Health Insurance Choices Down, Costs Up

We all remember candidate Barack Obama’s promise, “There is no doubt that we must preserve what is best about our health care system, and that means allowing Americans who like their doctors and their health care plans to keep them.” Candidate Obama also warned that if a federal health care law was not passed, “premiums will climb higher, benefits will erode further, and the rolls of uninsured will swell to include millions more Americans.”

Unfortunately Americans are learning that the promises of candidate Obama are not matching up to the reality under President Obama. The effects of the federal health care law may still be in the earliest stages, but we can see where the trend line is going.
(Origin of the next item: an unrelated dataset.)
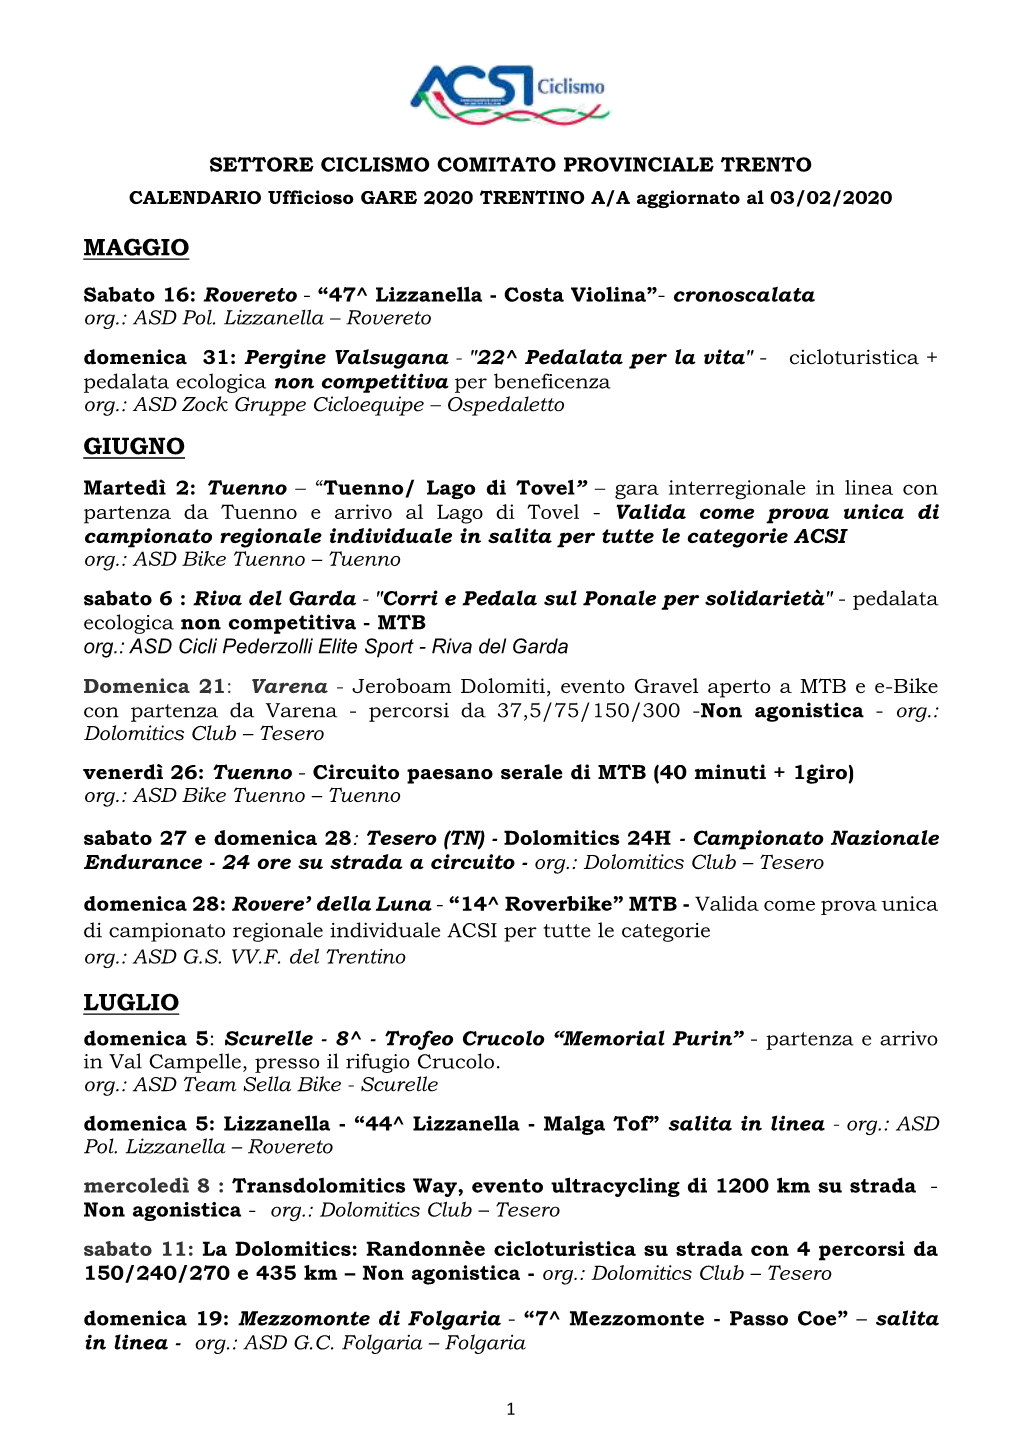 Calendario-Ufficioso-Gare-Acsi-Ciclismo-Trentino-Alto

Already businesses and insurance companies are reporting health insurance premiums are going up. A recent survey of Milwaukee-based employers indicated that 64% of companies with 100 or more employees are facing insurance premium increases of 2% or more due to the federal health care law. Fourteen percent are reporting the new requirements of the federal health care law will add more than 4%, according to a survey conducted by HCTrends.

Costs for health insurance premiums are going up because of federally mandated increased coverage. Half of those surveyed by HCTrends said federal mandates for “the elimination of lifetime caps, the addition of free preventive care and mandated coverage for children up to age 26 will add between 2 and 4 percentage points to their 2011 rates.”

That is if they keep the same insurance. Forty percent of those surveyed said they were “seriously considering” changing networks or health plans. This seriously undermines the promise that Americans will get to keep their insurance plans and their doctors if they are currently satisfied with their health care.

Unfortunately, the situation is only going to get worse. Some insurance companies are looking to get out of certain types of health care coverage altogether. This will reduce choices for American health care consumers and will result in many Americans losing the health care providers they currently are satisfied with.

For example, Aetna will stop selling insurance to small groups in Colorado next year. Aetna, Cigna, WellPoint, and other insurance companies will stop selling child-only insurance in certain states next year.

The New York Times reports this is part of a larger trend of smaller insurance companies not having the resources and economies of scale to remain competitive. Once the health insurance market is concentrated into a smaller number of companies, prices could go up even more, even as more Americans are no longer in the health insurance plans they preferred before the federal health care law passed.

Some worry that companies could begin to drop health care coverage altogether under the new federal health care law. As we saw recently when McDonald’s was granted a waiver by the federal government, many companies may decide to opt out entirely of providing insurance to their employees as the new federal mandates go into effect.

The federal health care law penalizes employers that drop their health care coverage $2000 per employee. Employers may look at that number and decide that it is not enough of a deterrent. James Klein, president of the American Benefits Council, even said to the Associated Press that the federal health care law could begin to dismantle the employer-based health insurance system.

While the White House disagrees, claiming the new law actually encourages employers to offer health insurance coverage, Democratic Tennessee Governor Phil Bredesen predicts that the new exchanges that begin operating in 2014 will make dropping insurance coverage an attractive option for employers, including in the public sector.

Bredesen, in an op-ed for the Wall Street Journal, said that not having coverage would be especially attractive to new business start-ups.

“For a person starting a business in 2014, it will be logical and responsible simply to plan from the outset never to offer health benefits. Employees, thanks to the exchanges, can easily purchase excellent, fairly priced insurance, without pre-existing condition limitations, through the exchanges. As it grows, the business can avoid a great deal of cost because the federal government will now pay much of what the business would have incurred for its share of health insurance. The small business tax credits included in health reform are limited and short-term, and the eventual penalty for not providing coverage, of $2,000 per employee, is still far less than the cost of insurance it replaces.”

So under the federal health care law, Americans will have higher insurance costs, and it is very likely they will not be able to keep the insurance plans or the doctors they preferred before the federal health care law went into effect. We are already seeing the beginning of this trend in Wisonsin’s largest city, and the final result could be the end of employer-based health insurance, according to a member of the president’s own party. That’s completely different than what was promised before the health care law was passed. Perhaps House Speaker Nancy Pelosi was correct when she said that the law would have to be passed before we knew what was in it.